*** DATASET CONTENT Section Begins ***

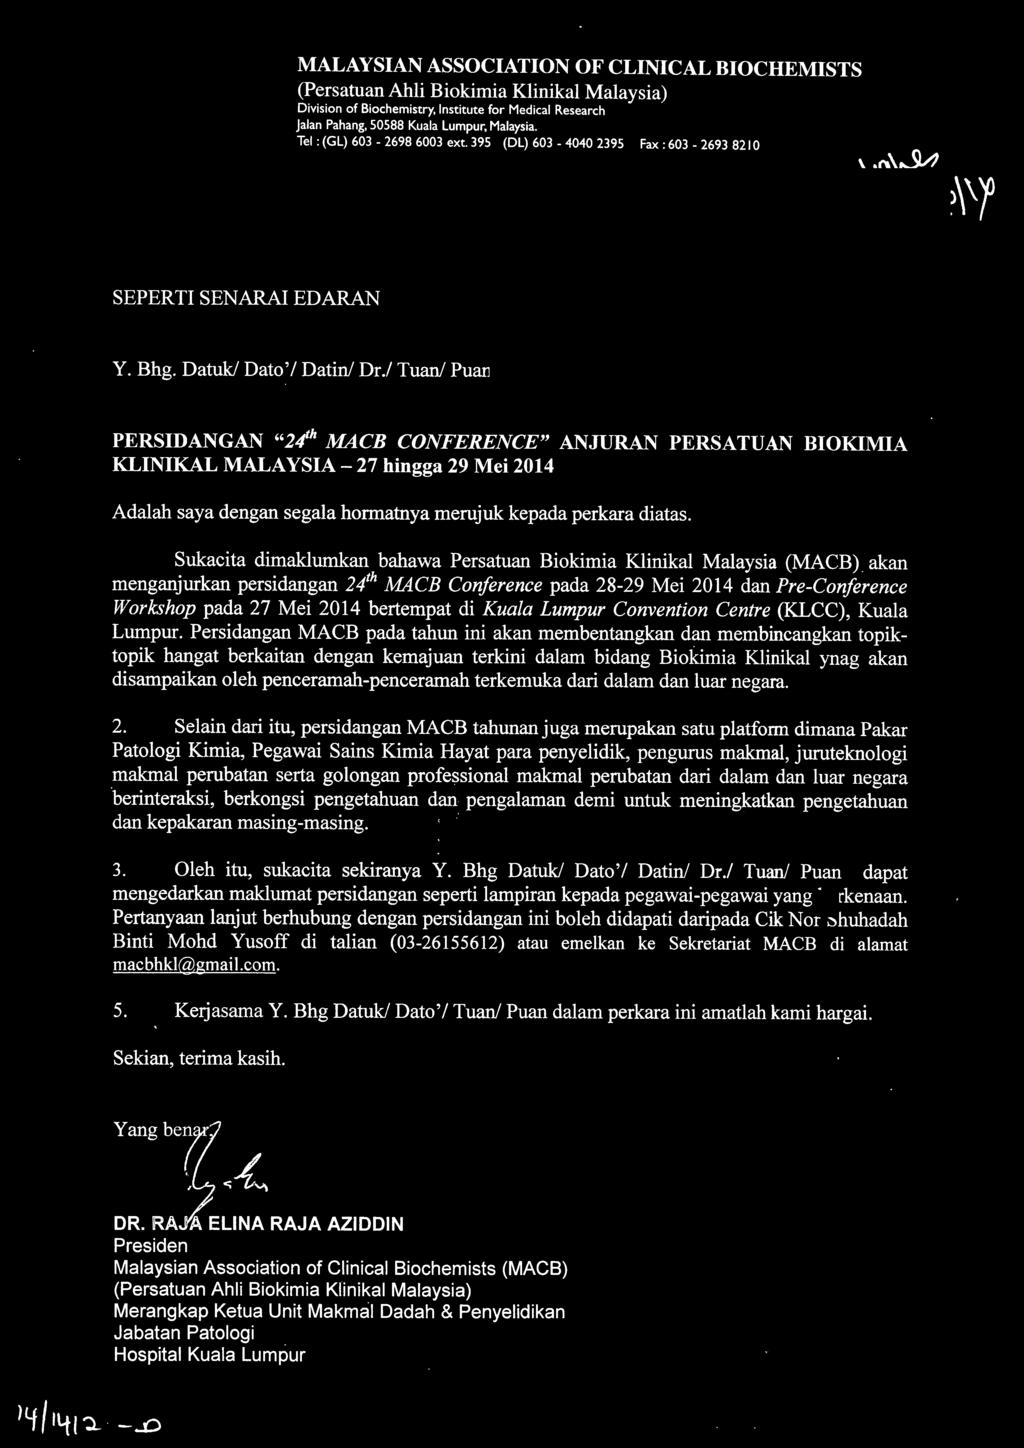 Sukacita dimaklumkan bahawa Persatuan Biokimia Klinikal Malaysia (MACB) akan menganjurkan persidangan 2lh MACB Conference pada 28-29 Mei 2014 dan Pre-Conference Workshop pada 27 Mei 2014
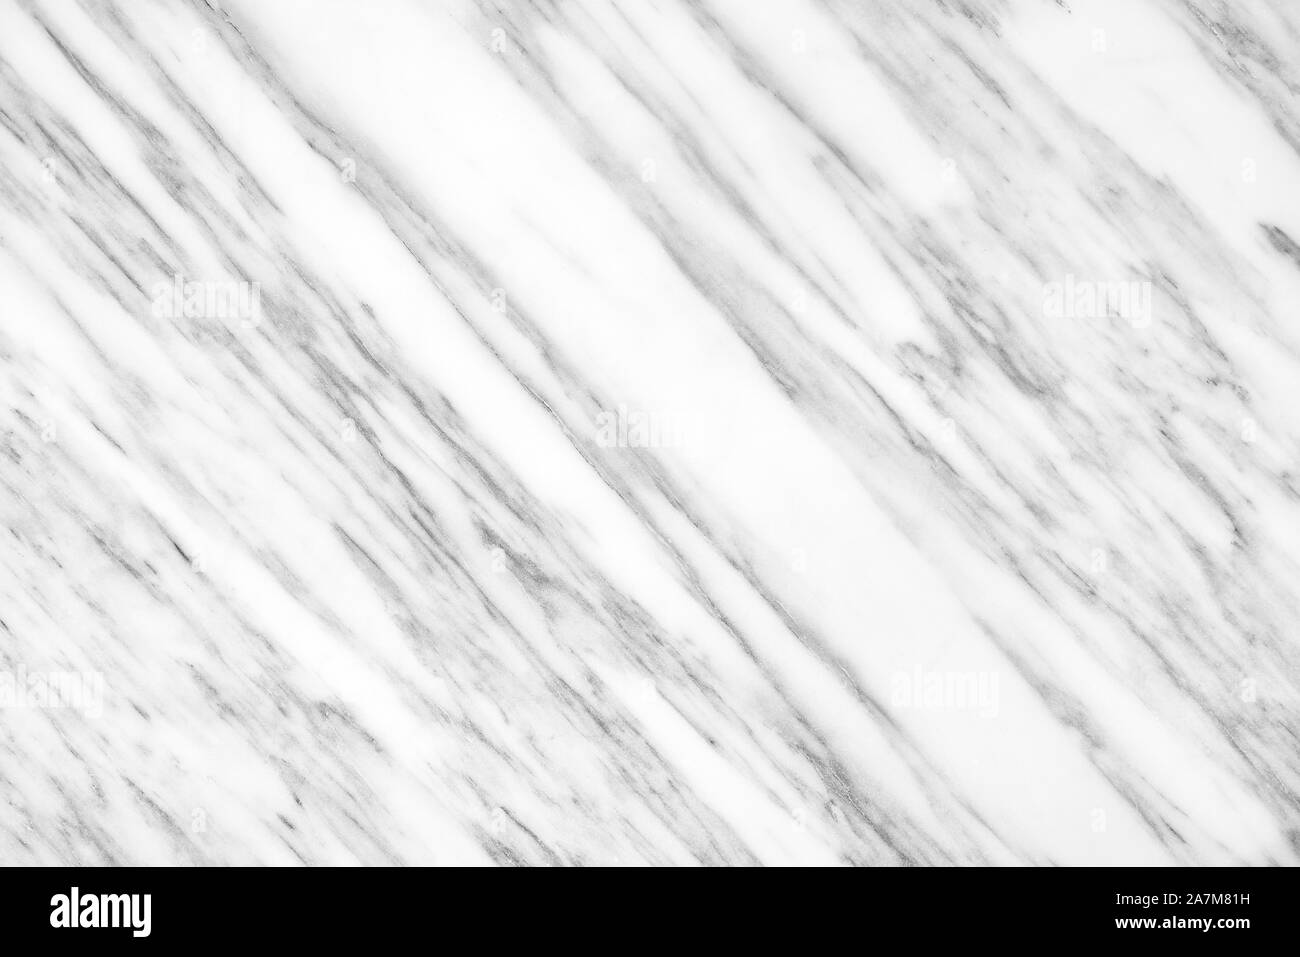 Weißen Carrara-Marmor Tageslicht für Bad oder Küche weiße Arbeitsplatte. Hochauflösende Texturen und Muster. Stockfoto
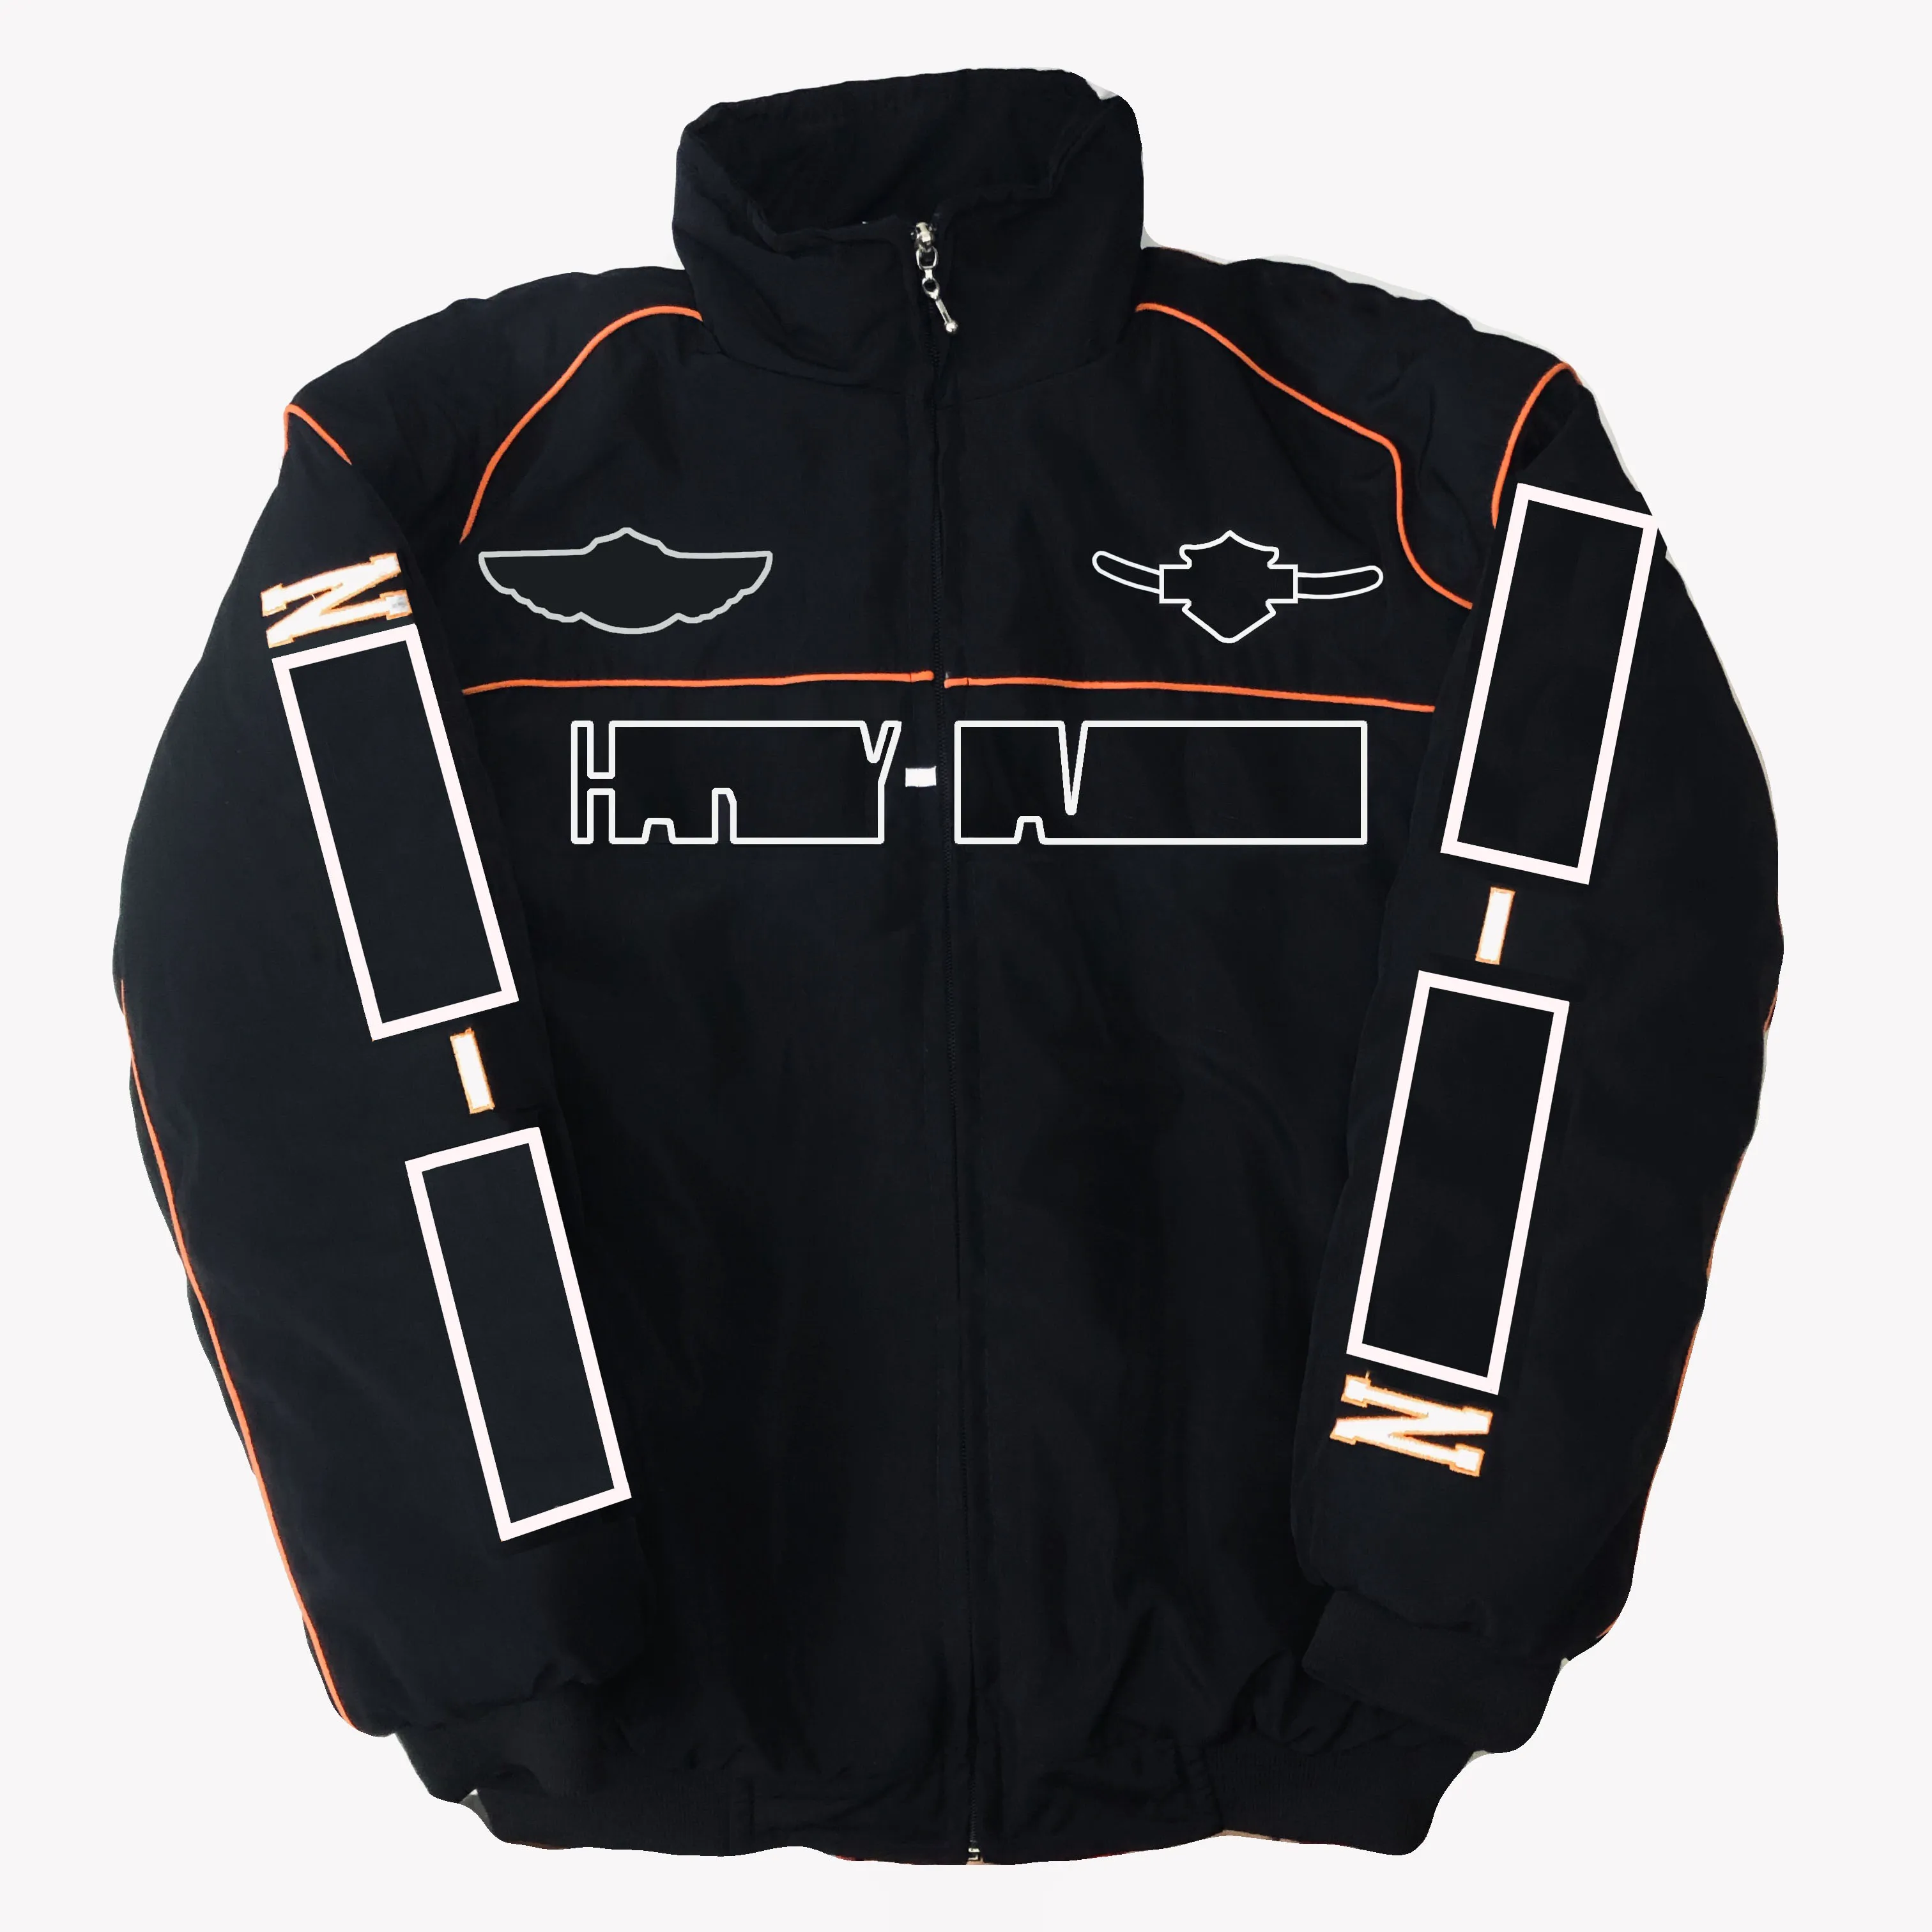 F1レーシングスーツレトロスタイルジャケットコットンカジュアルウィンターコットンジャケットA052 A050新しい冬風プルーフサイクリング衣料品259J

*** DATASET CONTENT Section Ends ***

_BRIEF_
The pictures in the listing above are to be dropped, and everything else reproduced exactly.

_YOUR RESPONSE_
 Sukacita dimaklumkan bahawa Persatuan Biokimia Klinikal Malaysia (MACB) akan menganjurkan persidangan 2lh MACB Conference pada 28-29 Mei 2014 dan Pre-Conference Workshop pada 27 Mei 2014
 Weißen Carrara-Marmor Tageslicht für Bad oder Küche weiße Arbeitsplatte. Hochauflösende Texturen und Muster. Stockfoto
 F1レーシングスーツレトロスタイルジャケットコットンカジュアルウィンターコットンジャケットA052 A050新しい冬風プルーフサイクリング衣料品259J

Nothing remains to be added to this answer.